Interestingly, Prometheus has debuted Crusoe’s Digital Flare Mitigation technology publicly for the first time. During oil extraction, at sites like the Permian Basin, natural gas flaring is a waste product. However with DFM, Crusoe is able to install onsite mobile datacenter units that divert the waste product to generators for the datacenter onsite. These DFM’s have been announced as “Crusoe Spark”, and now include all the requisite infrastructure required to host B200s.
Source: Crusoe Spark launches (via Crusoe on YouTube)
After all these announcements, Crusoe is left with a claimed 3.4GW of datacenter footprint, some of which is already showing up as revenue on their balance sheet.
So yeah, lots going on.
As for the actual, customer experience on Crusoe, around six months ago when we started testing slurm on Crusoe, they had just launched their fully managed slurm solution called “Auto Clusters”. The lifespan of this service offering has come and gone in the interim period, with the focus now being a Slurm-on-Kubernetes experience. Unfortunately, the new Slurm-on-Kubernetes experience is in its early days and is not usable out of the box.
Starting up a cluster is simple, via the Crusoe CLI, avoiding complicated terraform scripts and simplifying some of the complexity of a webUI.
However, when a simple CLI approach is used, we expect reasonable defaults. Crusoe claims to have developed their Slurm-on-Kubernetes offering in-house, while taking inspiration from Slinky. Unfortunately, the login pod was missing vim, nano, git, python, and sudo permissions. We gave some recommendations on how to take less inspiration from open-source Slinky and make the cluster usable out-of-the-box. The SonK offering also doesn’t support partitions, RBAC, and SSO integration, making it basically unusable for a research lab beyond the scale of about 10 researchers.
In addition, when provisioning a kubernetes cluster without slurm for our testing, we had a lot of extras to setup. A Crusoe CMK cluster does not include a default ReadWriteMany StorageClass, making it impossible to deploy any workload with a persistent volume claim. We had to go through many extra configuration steps on the console to figure out how to configure this storage class.
During our testing, we also encountered several performance and reliability issues on slurm, kubernetes, and on a standalone machine. We repeatedly saw NVML driver mismatch errors inside individual Docker containers, indicating potential image or driver management instability. We expect this is due to Crusoe’s use of cloud-hypervisor, and insistence on building all their infrastructure, including GB200 NVL72, with VMs.
On the networking side, while PKeys for InfiniBand partitioning were integrated, using them through the console was not intuitive. We have also had challenges with shared filesystems randomly unmounting, requirements to deploy OS drives and configure RAID settings manually (with the requisite footguns).
In conversations with Crusoe users when discussing reliability at scale, it has been hit-or-miss.
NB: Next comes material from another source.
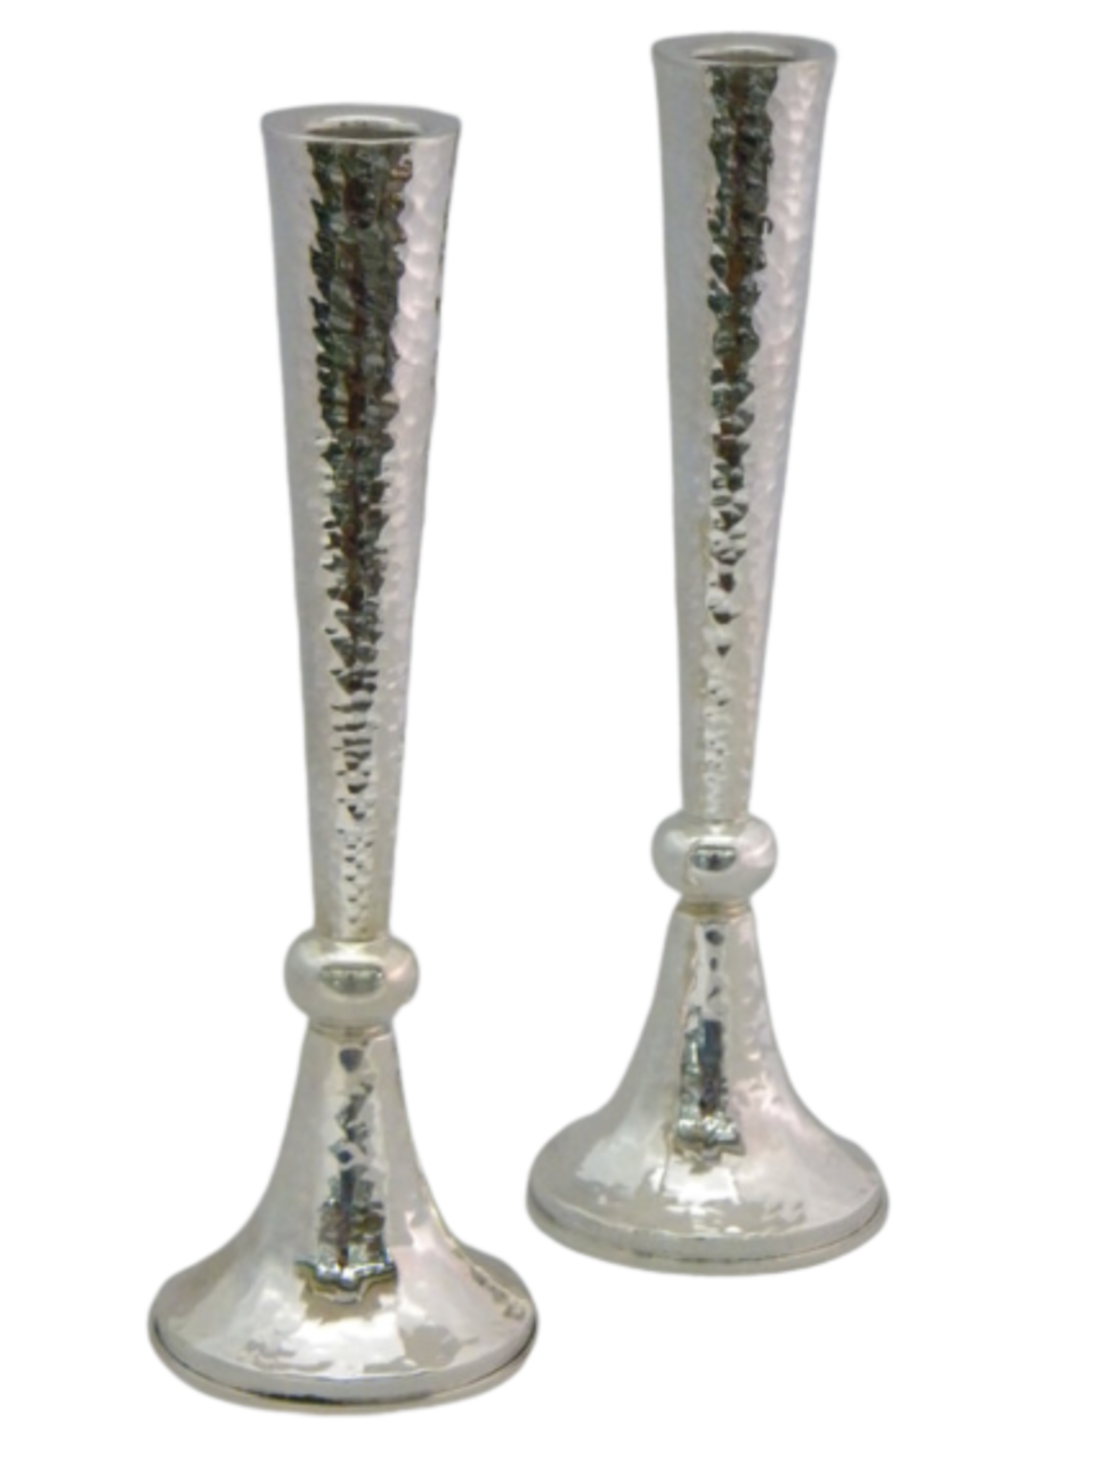 Hammer skirt candlesticks in several sizes

Some have had good experiences, but anyone who tested clusters in Crusoe’s Iceland facility prior to March 2025 seem to have all had a common experience: lots of link flaps and random filesystem unmounts. Crusoe ended up having to clean the 20,000 fiber ends using a “clicker” that were full of dust and other debris. Some people have said that the debris was volcanic ash.
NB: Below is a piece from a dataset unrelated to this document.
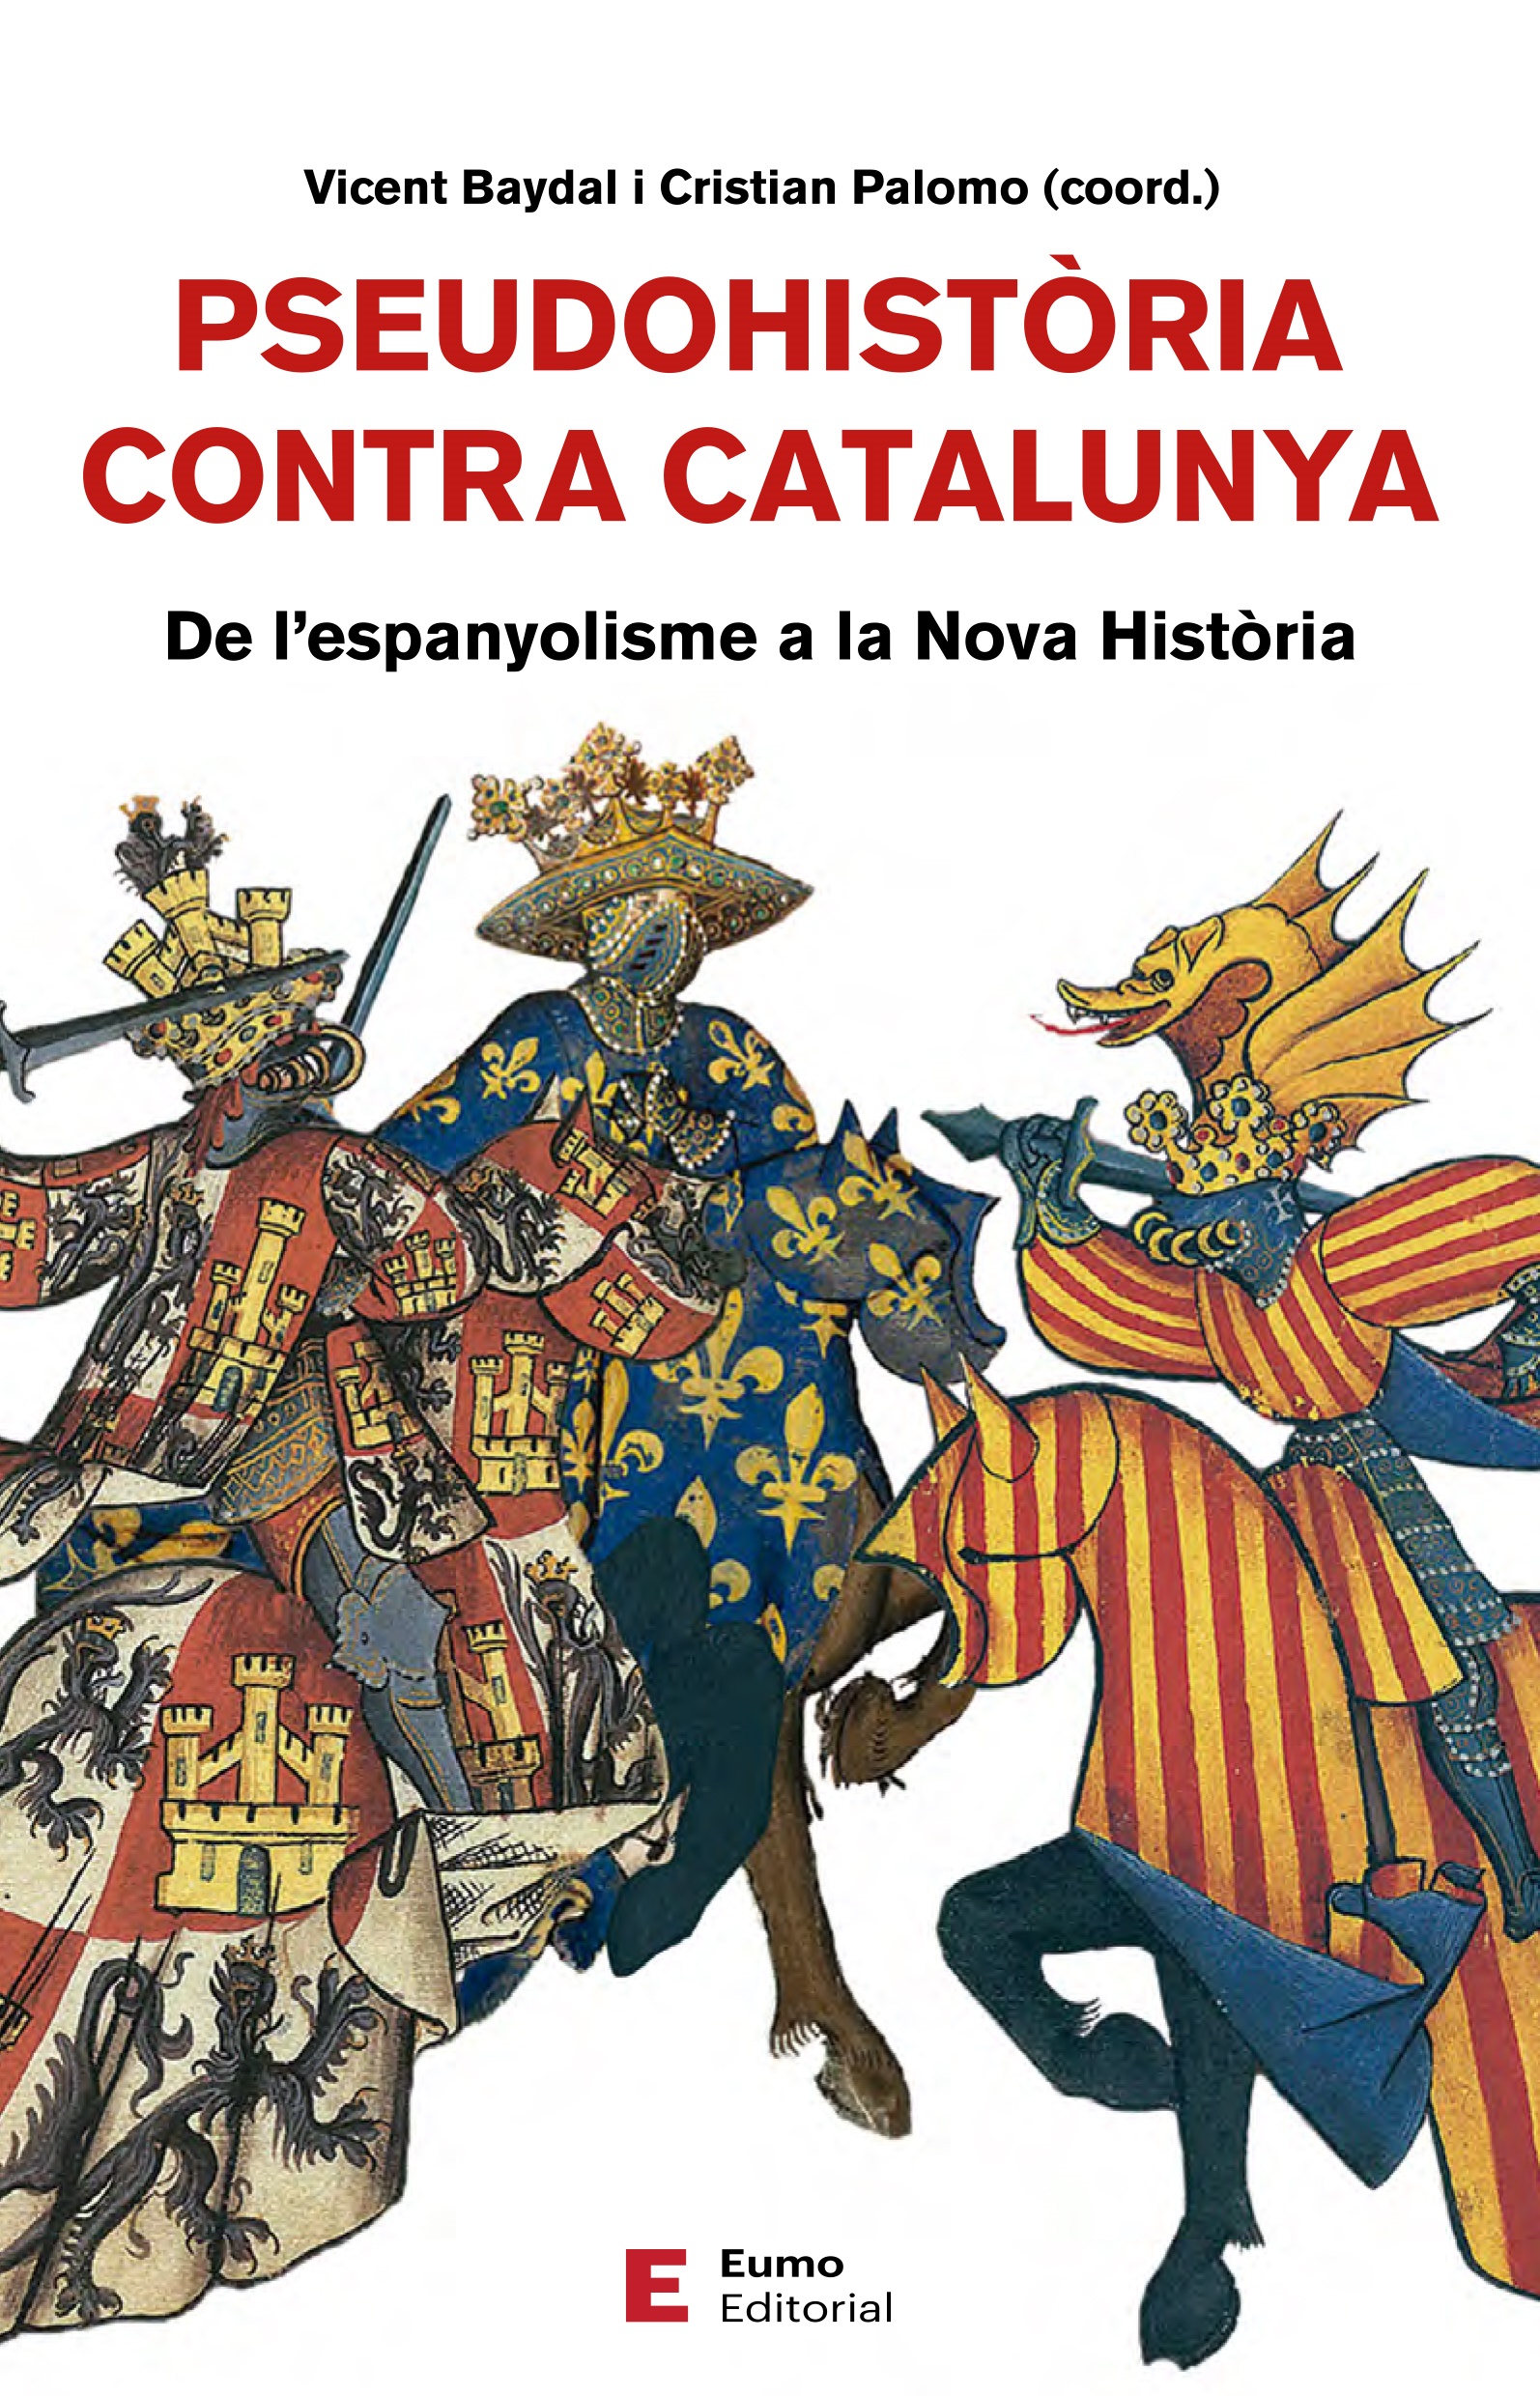 Presentació del llibre: “Pseudohistòria contra Catalunya” l’11 de març

We found that in November 2023 the Icelandic Data Center ICE02 from atNorth started publishing status updates regarding increased seismic activity and volcanic uplift near Mt. Þorbjörn in the Reykjanes Peninsula. The datacenter is about 35km away from this volcano.
Source: https://status.edis.global/notices/y2d8vjath5kvmq8t-iceland-potential-volcanic-eruption
Source: Google Maps. Checking in to see how long it would take an atNorth datacenter technician to visit an active volcano on their lunch break
It is our understanding that this datacenter Crusoe now calls home has continued to experience significant seismic activity and air quality concerns, leading to some more hits on YouTube videos like this one from Iceland.
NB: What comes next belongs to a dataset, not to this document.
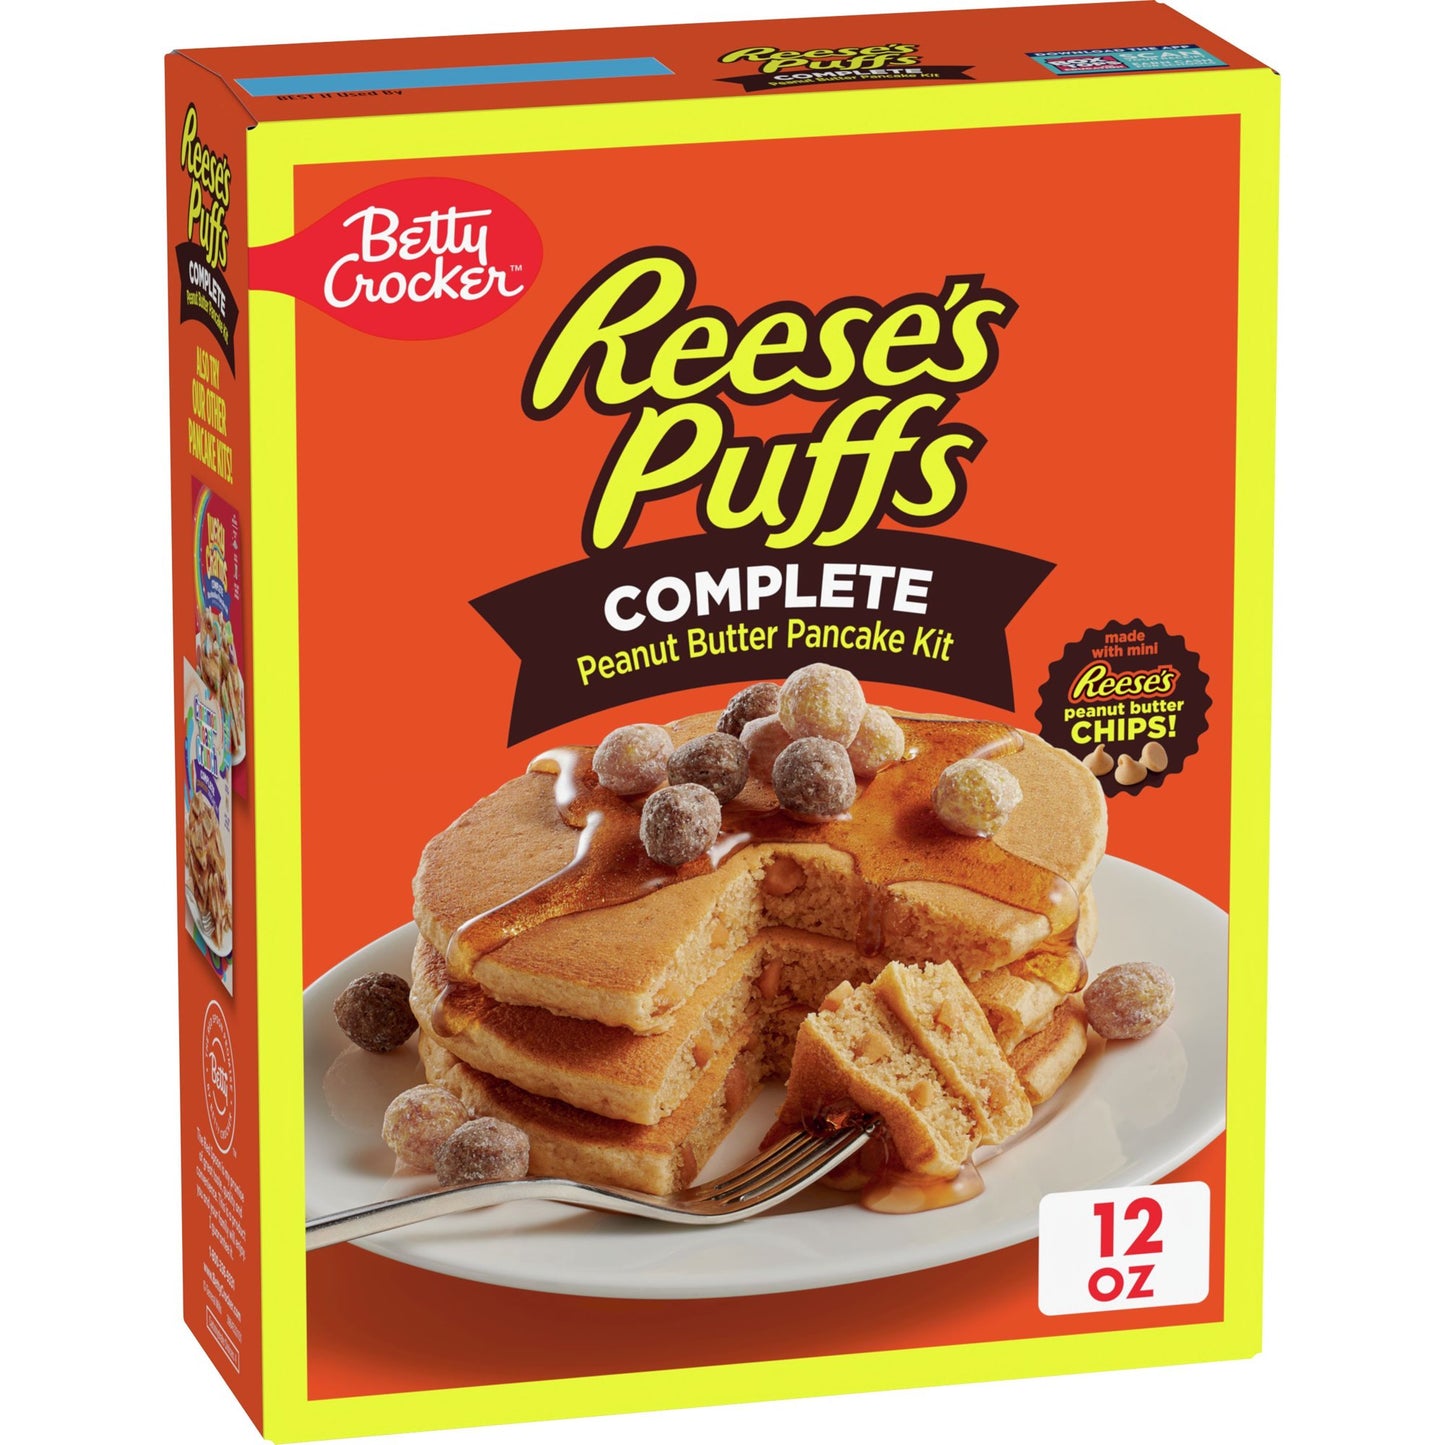 Betty Crocker REESE'S PUFFS Peanut Butter Pancake Mix, 12 oz.

Overall, Crusoe is clearly executing on an ambitious strategy, securing massive power capacity and datacenter real estate. They have already pivoted once from crypto mining to AI cloud, and seem to be in the process of another pivot from cloud provider to datacenter infrastructure provider.
However, Crusoe is at risk of being downgraded to ClusterMAX Silver due to many of their top individual contributor engineers quitting, leaving the culture in their cloud division beginning to resemble big tech. There are too many middle managers across the organization, especially in engineering. This has caused incredibly slow moving releases, such as their AutoClusters feature, leaving us with concerns about the future of Crusoe’s public cloud offerings. Chase needs to do a rapid course correction if he doesn’t want to lose all of his 10x engineers and eventually lose their Neocloud business with it.